Further to your last, the new guidance will aply from April 15 - confirmed. It was decided that reducing the annual allowance from to £10,000 would reduce the risk of people recycling tax-free lump sum and reinvesting it into a new pension to receive fresh tax relief. Poor excuse really, the state wants money in the system sloshing about, simple.

The nice part is that (typically) low tax paying spouses/civil partners will be exempt - the new limit will only apply if an individual accesses a defined contribution pension worth more than £10,000. Therefore, anyone can make withdrawals from three small personal pots and unlimited small occupational pots worth less than £10,000 without being subject to the £10,000 annual allowance on further contributions. Perfect if you have time to plan ahead.

Thereafter, it changes a little. Anyone currently in flexible drawdown (ie; with no annual allowance and who have secured a £20,000 a year minimum income, in other words, most military career officers/WOs etc) will also be subject to the new £10,000 limit in April 2015. For individuals in capped drawdown though, the new £10,000 annual allowance will only apply when a saver withdraws more than their capped amount. The government said it would be 'unfair' to apply the £10,000 annual allowance to this group who did not know they would be subject to the rule when they entered capped drawdown.
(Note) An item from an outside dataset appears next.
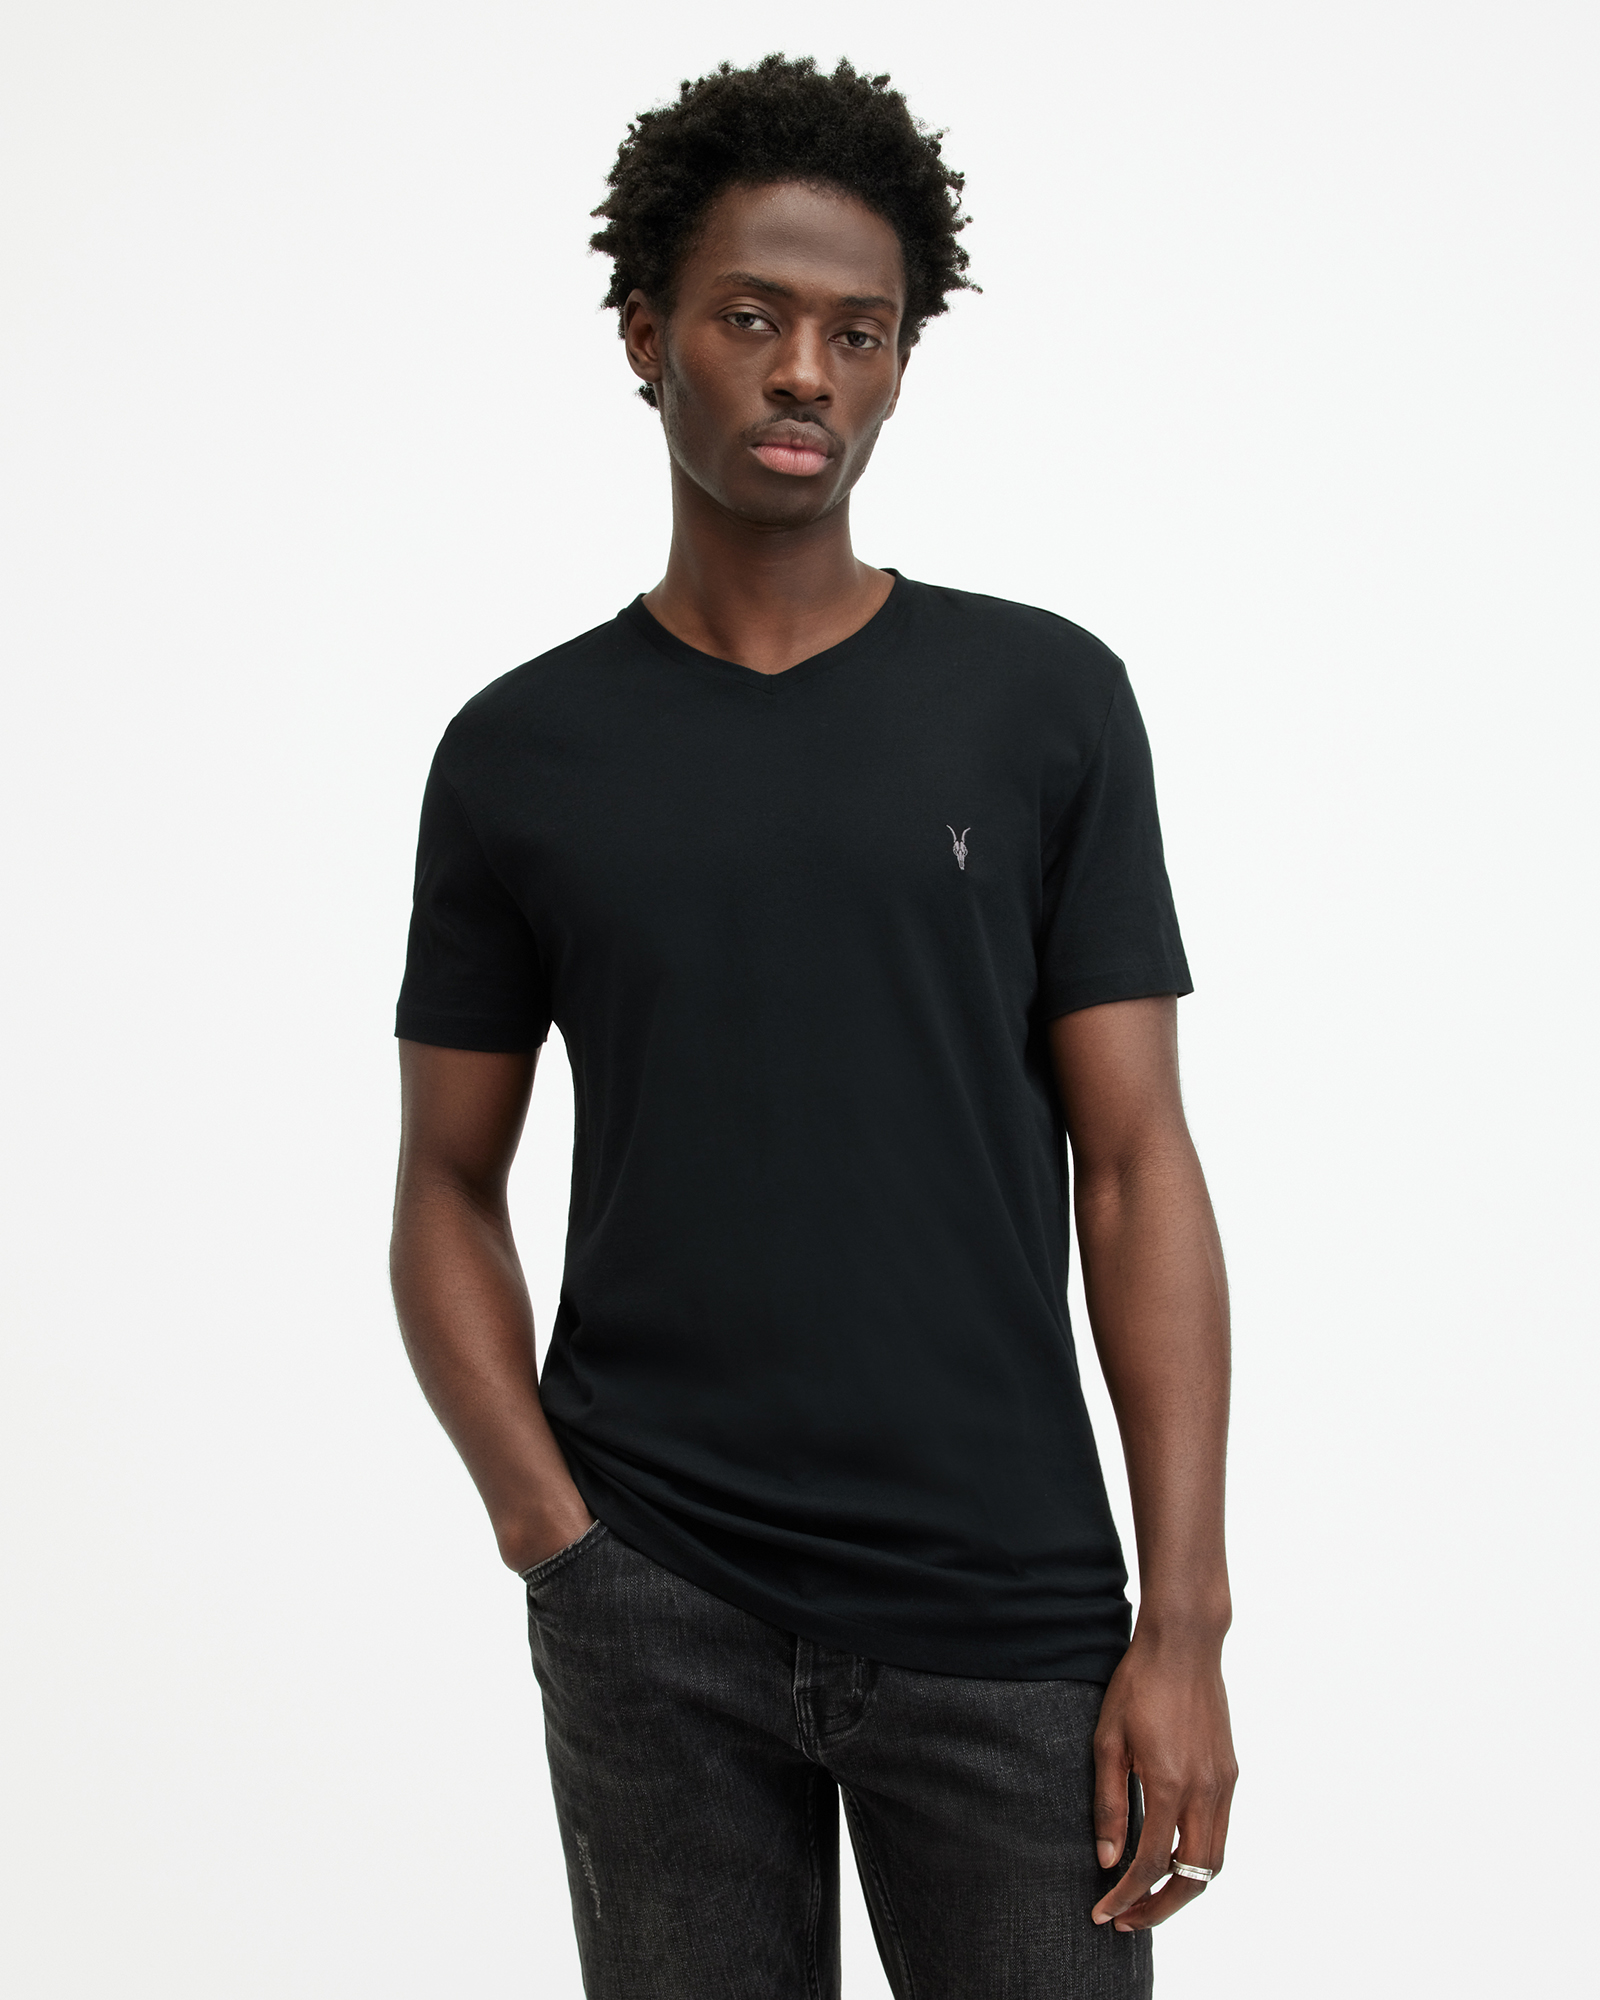 AllSaints Tonic V-Neck Slim Fit Ramskull T-Shirt,, Jet Black

It's going to be carnage. Savers won't have a clue and pension providers will struggle to establish what level of annual allowance applies in some cases, if there are pots all over the place.

On another note, it seems that savers with money in all DB schemes including AFPS but with only a small fund will be allowed flexibility in how they draw it. This might help those who served only a few years and who find themselves in aged financial misery and unable to access their money in a way that will help them most. That can only be a good thing - there's not much dignity in having a 'gold plated' pension when you have to cuddle a kettle to keep warm.